An endurance athlete who has completed 13 Comrades Marathons and eight Two Oceans, Stephens Thobane obtained a B.Proc from the University of the North (Turfloop) in 1993. He has been running his own attorney’s practise since 2001.

Administrative positions Thobane has held since becoming a lawyer include being a founding member, and later chairperson, of the National Association of Democratic Lawyers (Nadel) in Mpumalanga and president of the Law Society of the Northern Provinces between 2010-2011. He has acted in the North and South Gauteng seats of the high court since 2013 for a total of 14 weeks, during which he has written approximately 45 judgments.

Interview synopsis: 

The Law Society of the Northern Provinces had made the Judicial Service Commission aware that attorney Stephens Thobane had not been punctual in filing his company’s audited financial reports for the past two years.

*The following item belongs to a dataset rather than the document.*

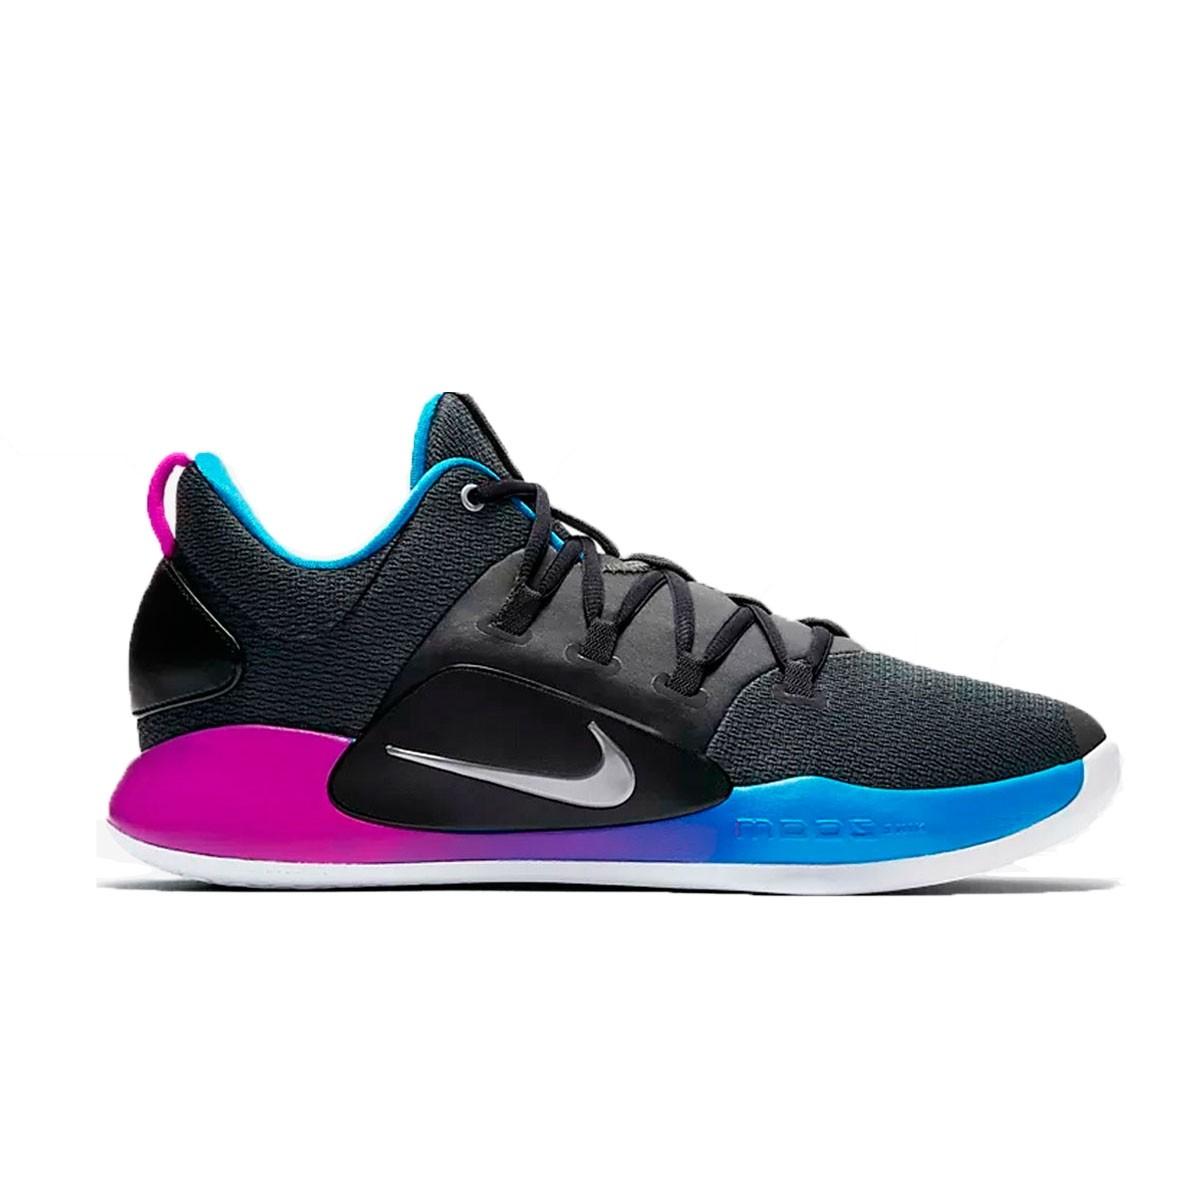 Nike Hyperdunk X Low 2018 'Huarache'

This was an issue that commissioner Narend Singh picked up on and probed Thobane on. The attorney responded that in the first instance his auditor (who had been working for him for ten years, and still does) had not signed an electronically filed copy of his financials. There was also, Thobane told the commission, a discrepancy between his auditor’s calculation of the interest in his trust account and that by the law society. This had yet to be resolved, Thobane said. In the second instance his “auditor just delayed” filing the reports, Thobane said, adding, “I’m embarrassed.”

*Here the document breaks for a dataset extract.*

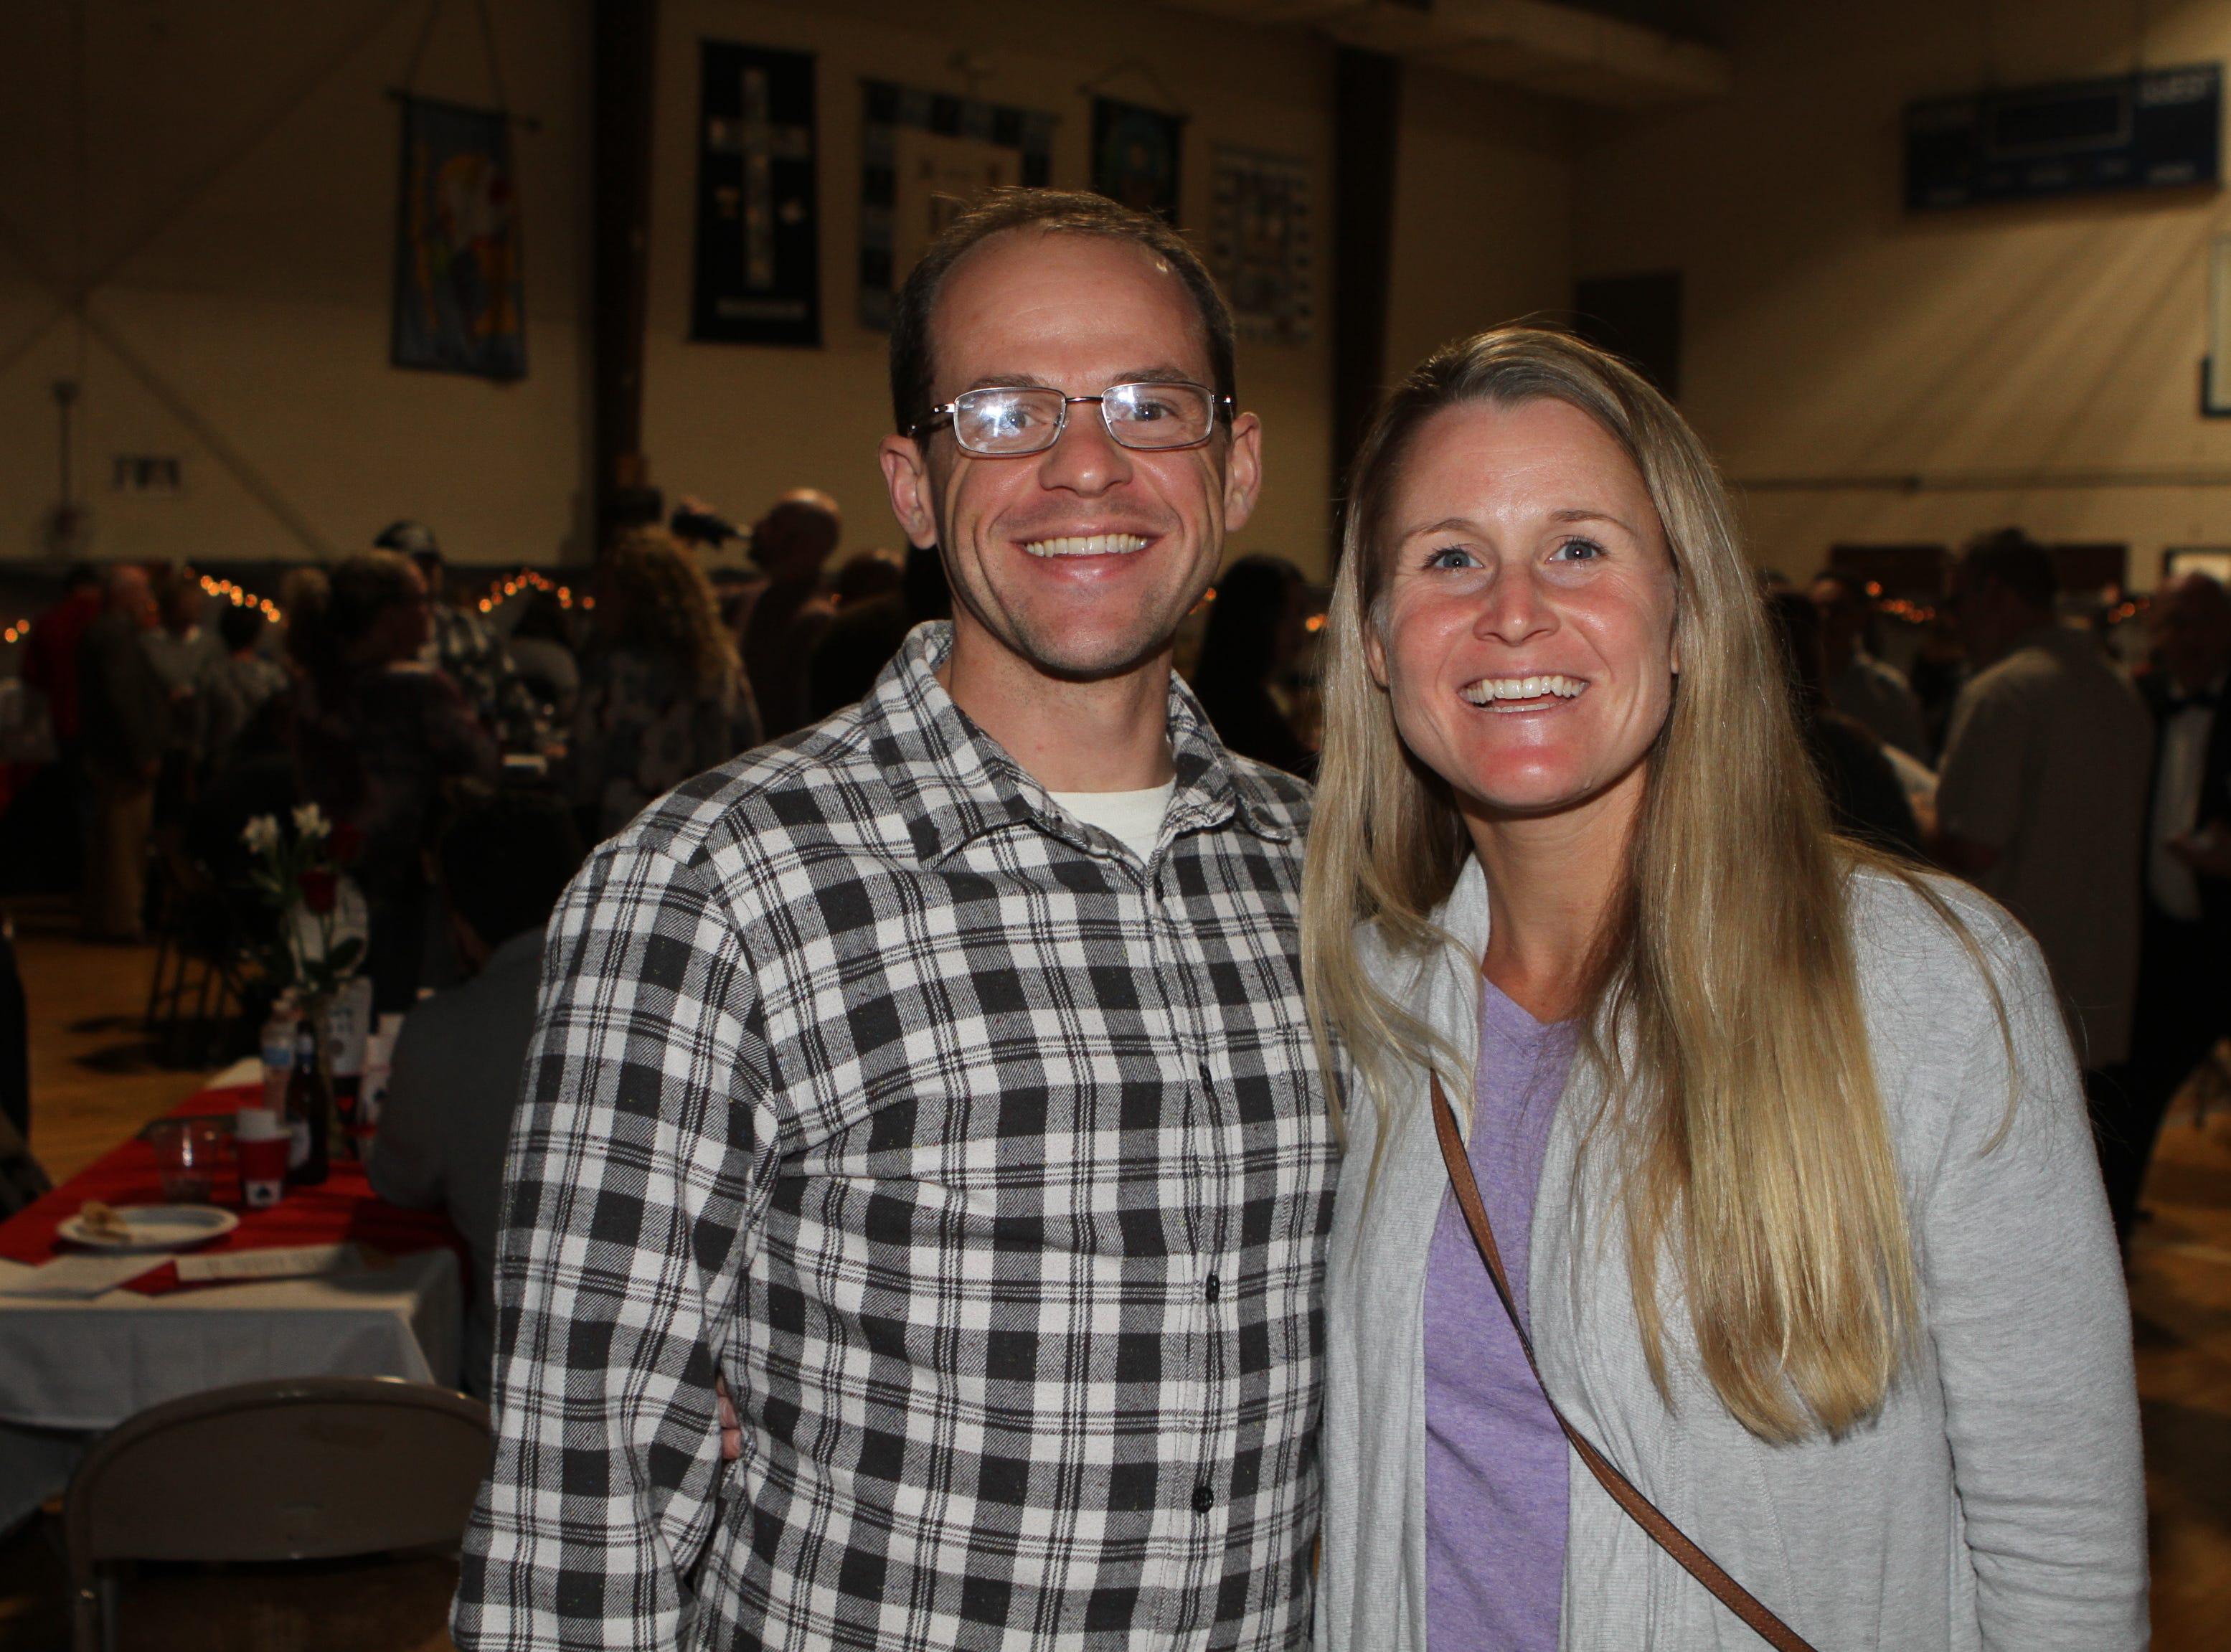 Josh and Kalea Lehman at Casino Night at Immaculate Conception School on Saturday, Nov. 3, 2018.

Singh, the IFP parliamentarian on the commission, pointed out that this “borders on financial mismanagement”, to which Thobane agreed. When Singh pushed him on whether, as a sitting judge, he would be convinced by this version, Thobane pointed out that this sort of situation would probably never see the courts and listed the procedure in these instances.

This response was picked up on by Advocate Dumisa Ntsebeza SC, one of four commissioners appointed by President Jacob Zuma, who suggested that Thobane, by giving a “technical” response to Singh’s question, had shied away from the more pressing philosophical and ethical aspects of it.

These included “whether on your version of events [regarding the late filing of financials]… you would be satisfied as a judge that the story about your audits is reasonably satisfactory?”

“My answer is an emphatic yes. I think I accounted,” said Thobane.

Other areas traversed by commissioners during the interview included the role and status of customary law in South Africa’s legal framework, his formative political experiences at university during the 1980s and whether Thobane was guilty of ageism.

The last theme was explored following Thobane’s comments to Gauteng Judge President Dunstan Mlambo that they had had no disagreements because the attorney didn’t confront “elders” out of respect. He then pushed on whether he would ever raise issues within the judicial hierarchy, especially if a judge president was “irresponsible” — Thobane, after a rather convoluted conversation with commissioner Julius Malema of the Economic Freedom Fighters, stated that he would not shy away from raising issues but with do it “respectfully”.